DIRECTIONS: Copy the closing run of lines, from the one with "A beautifully engraved" through the last line of the listing, exactly and without any pictures.

PROVIDED MATERIAL:
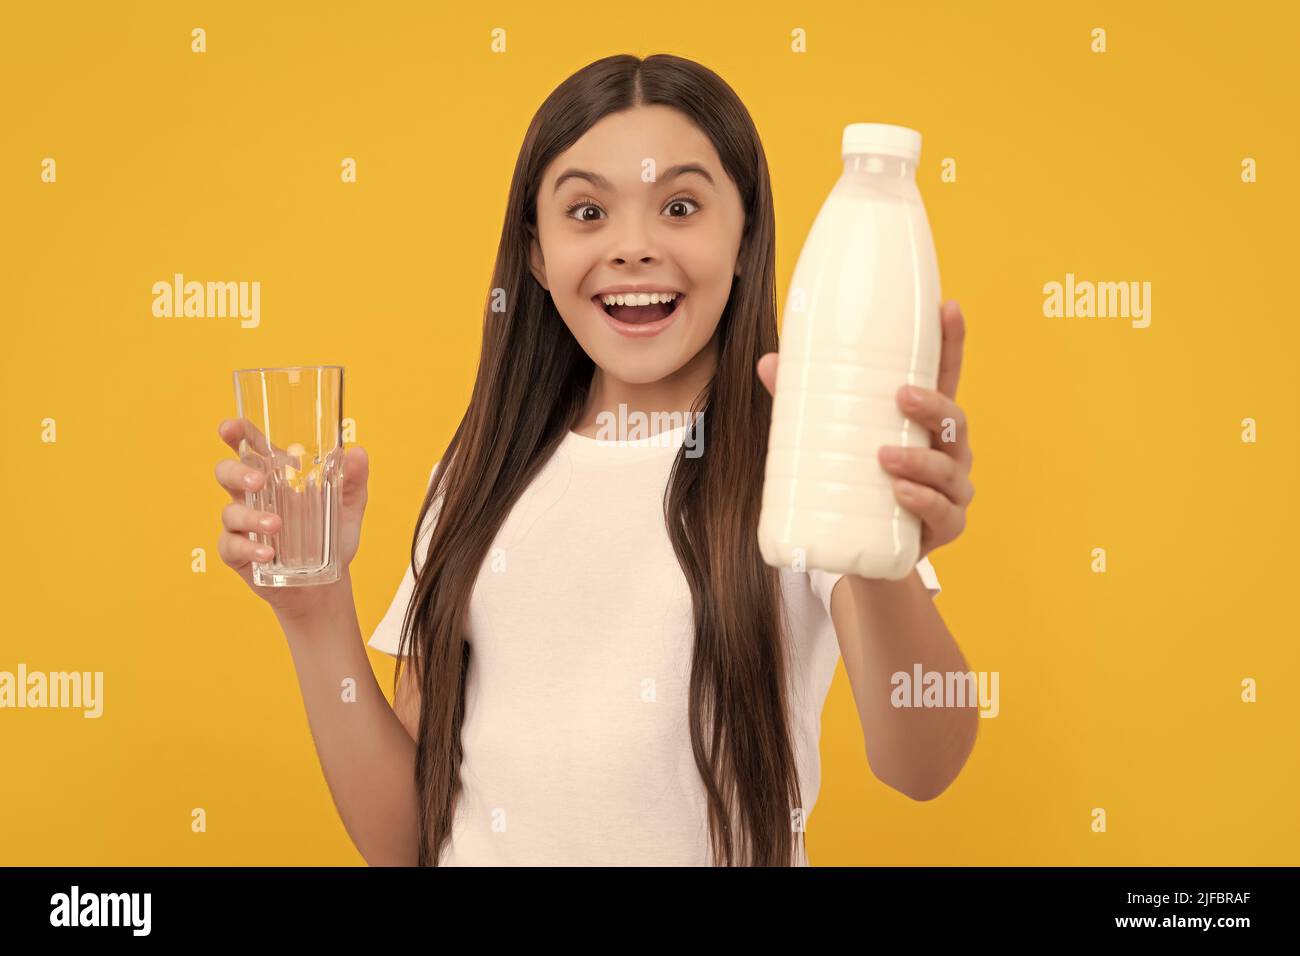 amazed child offer dairy beverage product. teen girl going to drink milk. Stock Photo
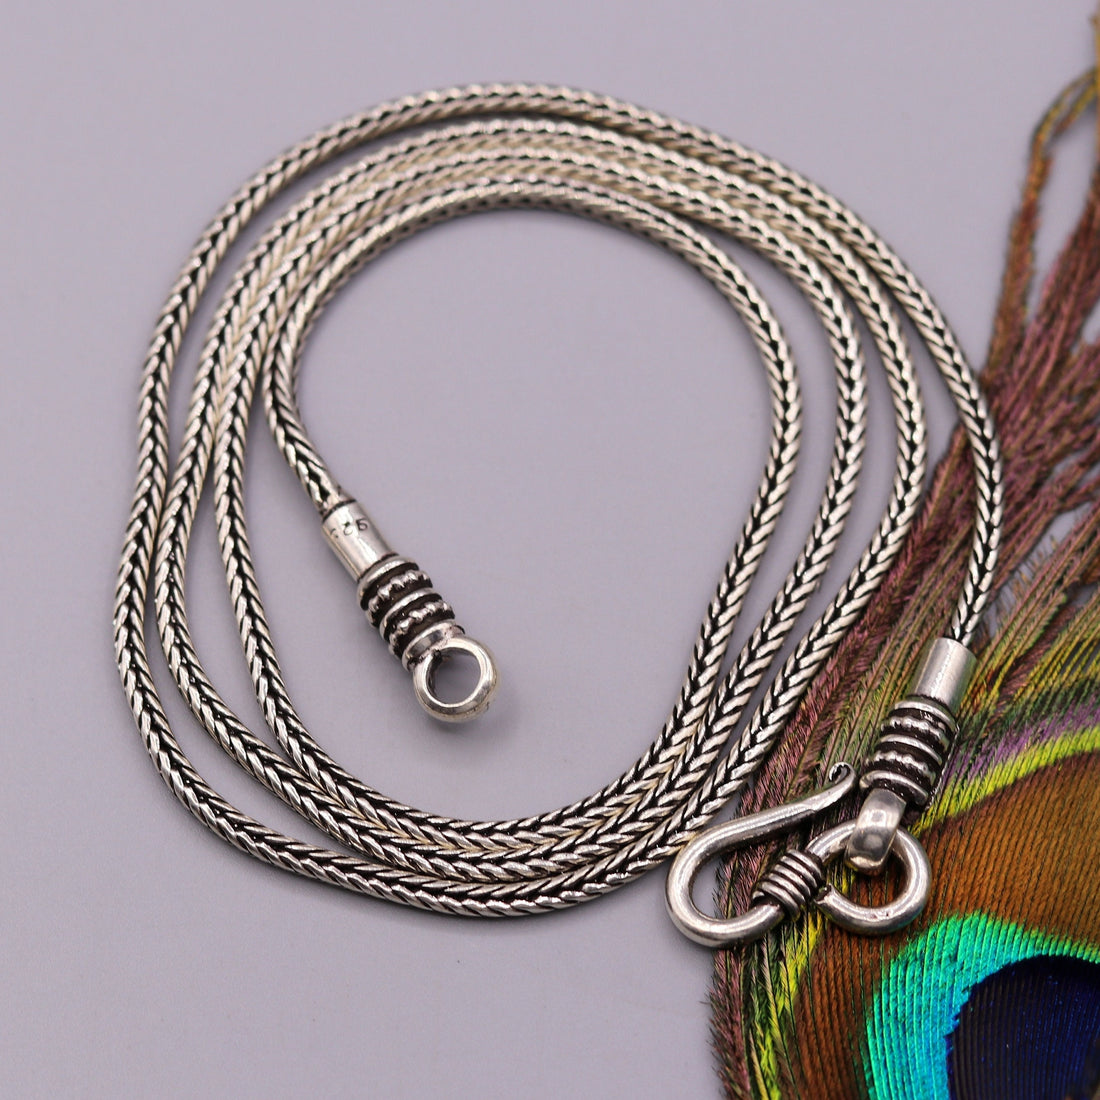 925 Sterling silver handmade solid wheat chain with screw, 20 inches long 2 mm screw chain, pendant chain necklace india jewelry ch32 - TRIBAL ORNAMENTS
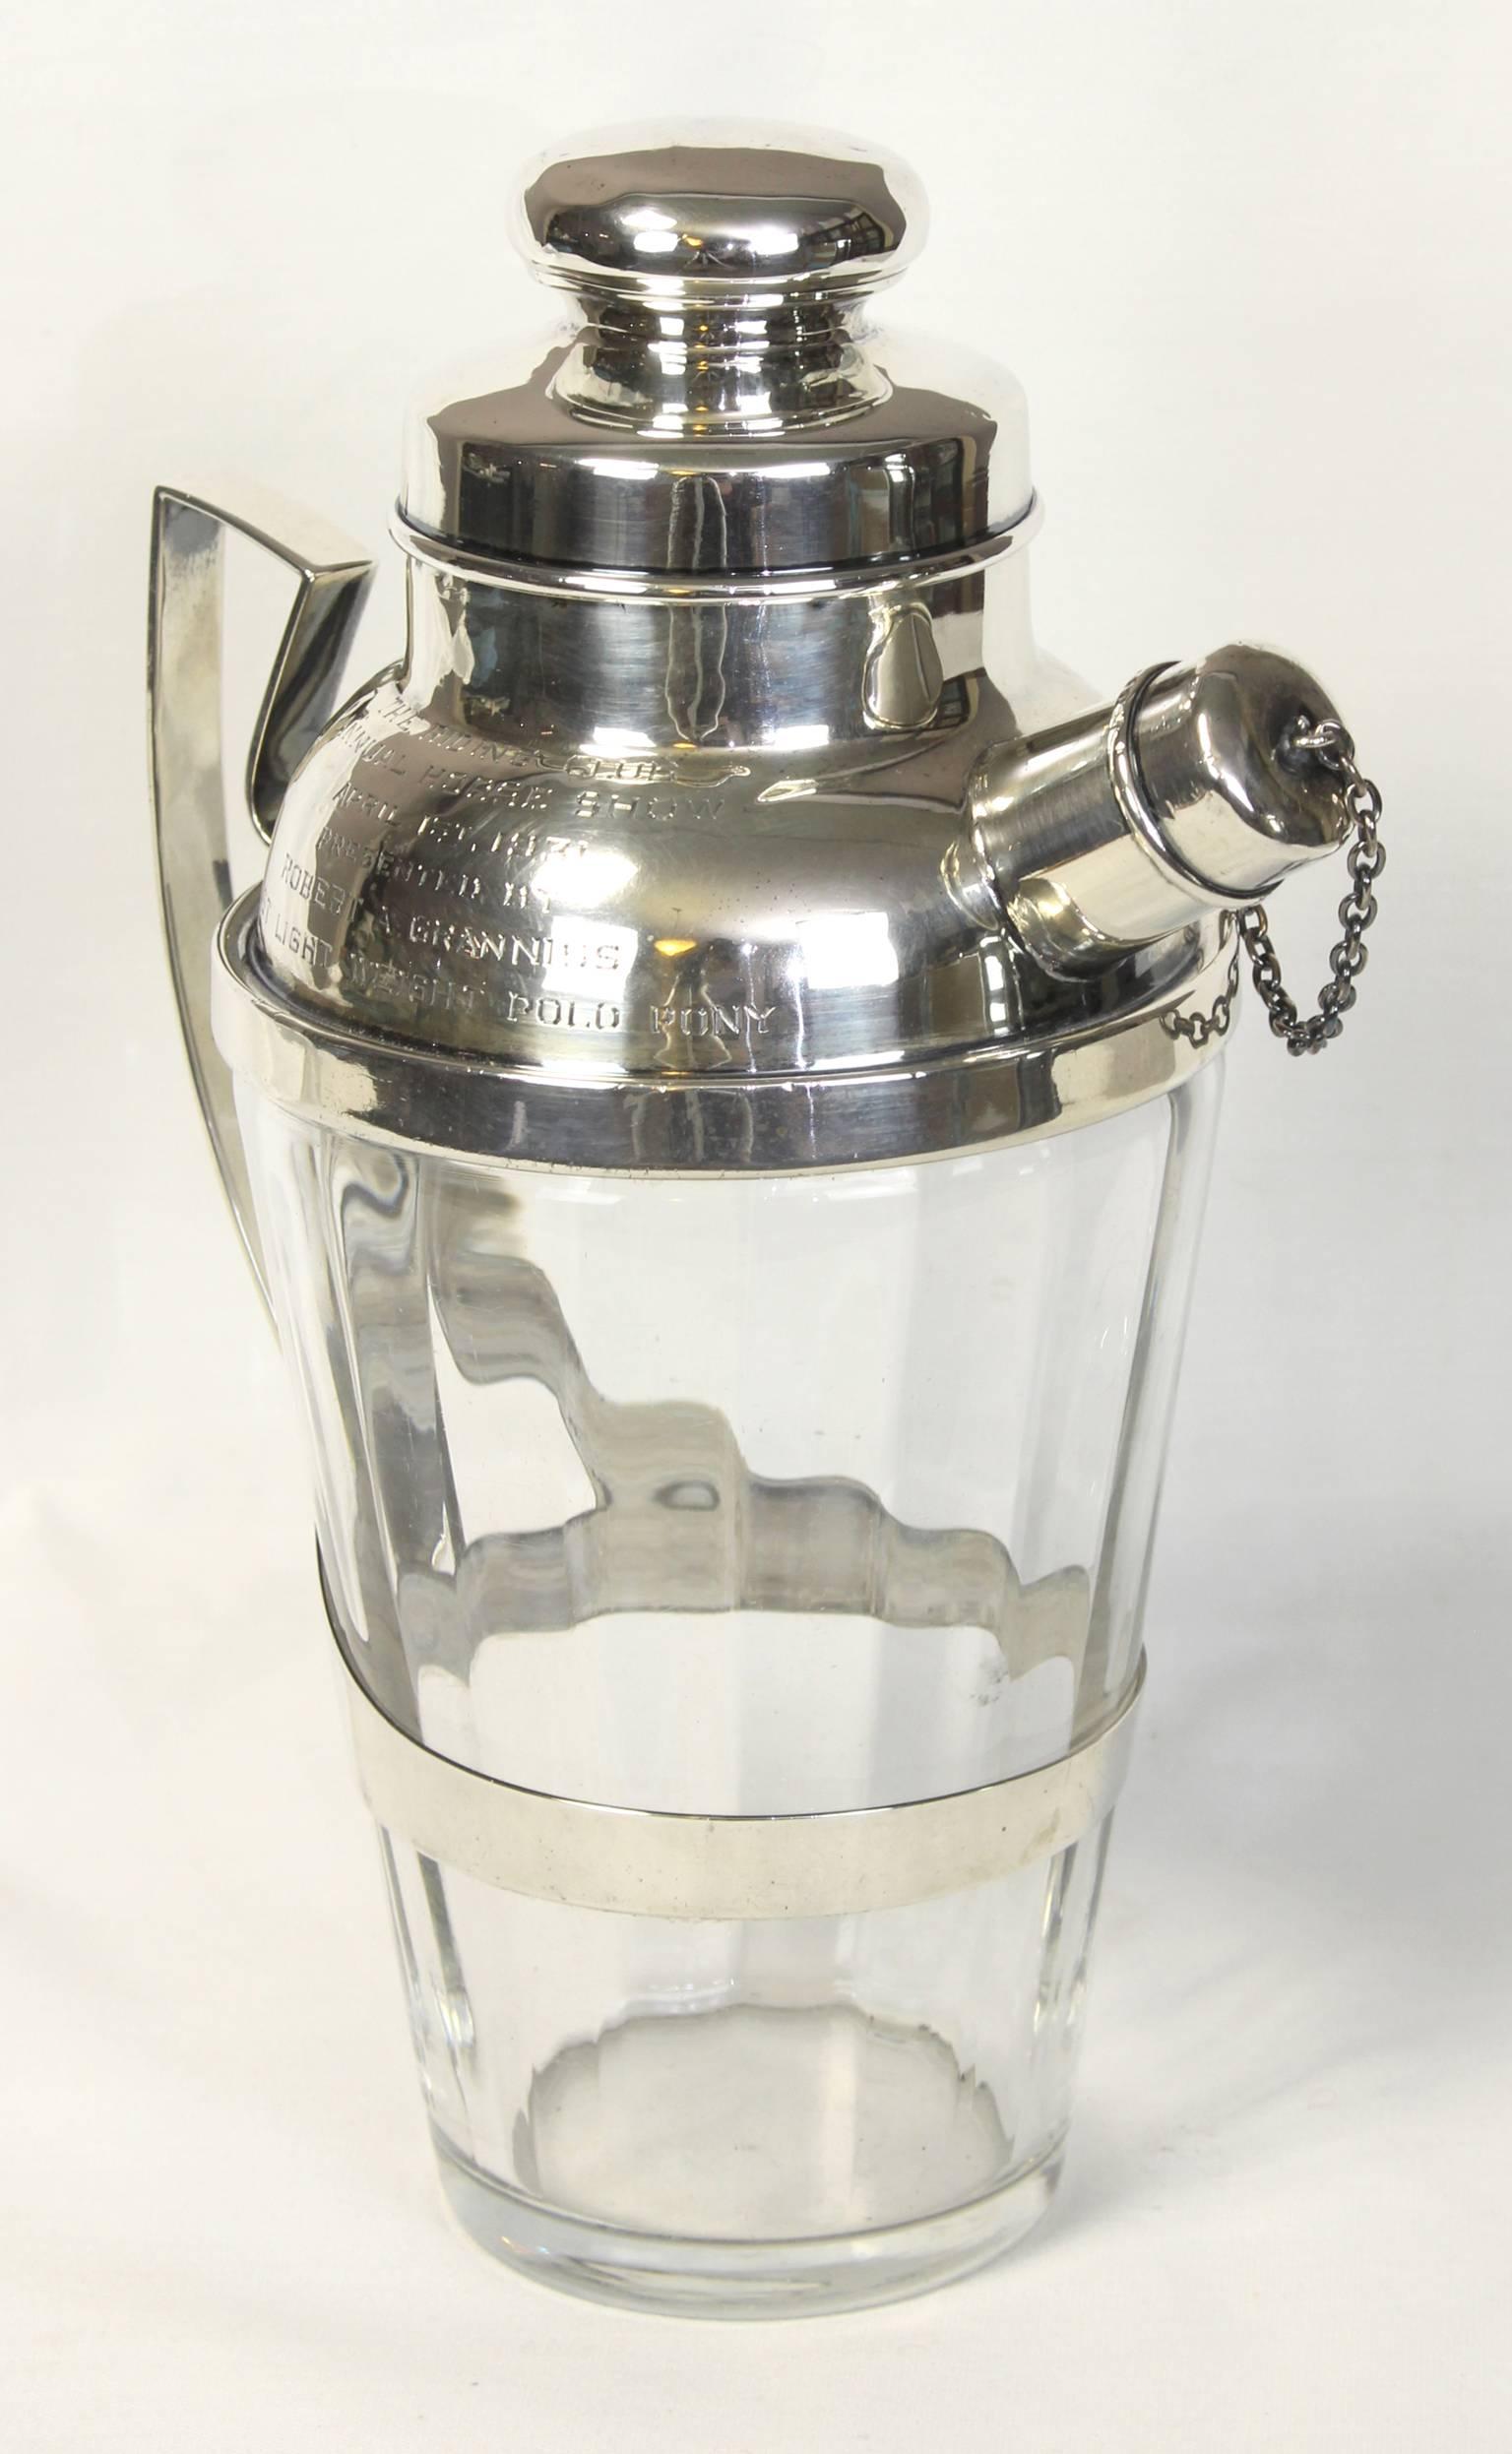 A beautifully engraved sterling silver and crystal cocktail Shaker dating from the early 1930s. The Shaker was presented as a trophy for the winner of an equestrian competition.
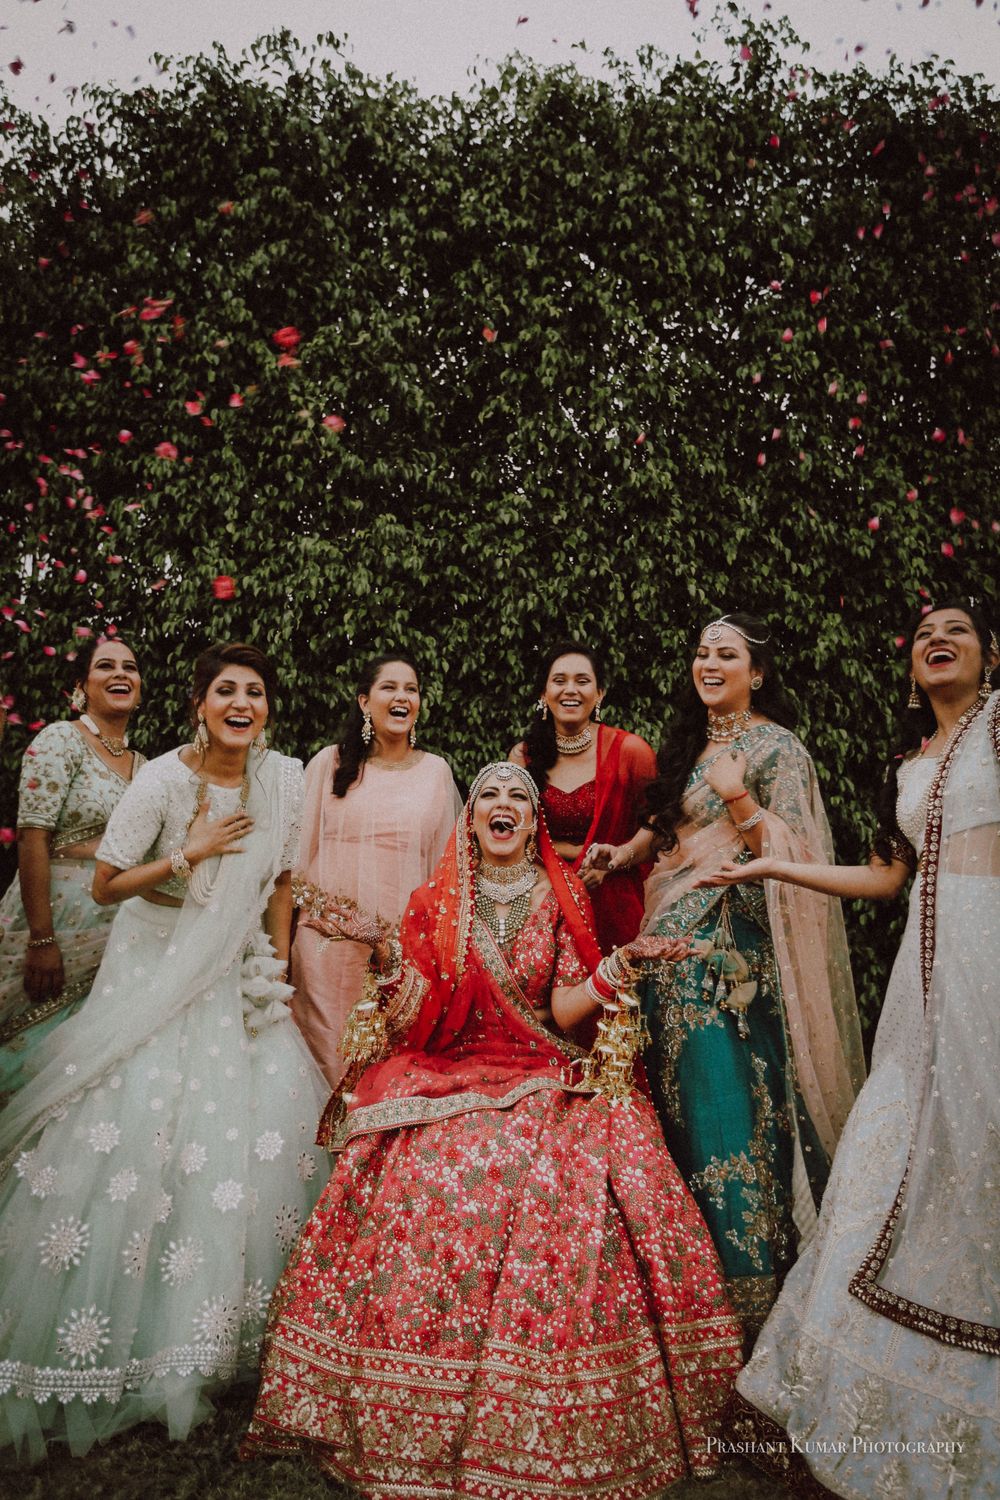 Photo of A bride in a red lehenga laughing with her bridesmaids on her wedding day

ANSWER SPACE:
 A beautifully engraved sterling silver and crystal cocktail Shaker dating from the early 1930s. The Shaker was presented as a trophy for the winner of an equestrian competition.
 Photo of A bride in a red lehenga laughing with her bridesmaids on her wedding day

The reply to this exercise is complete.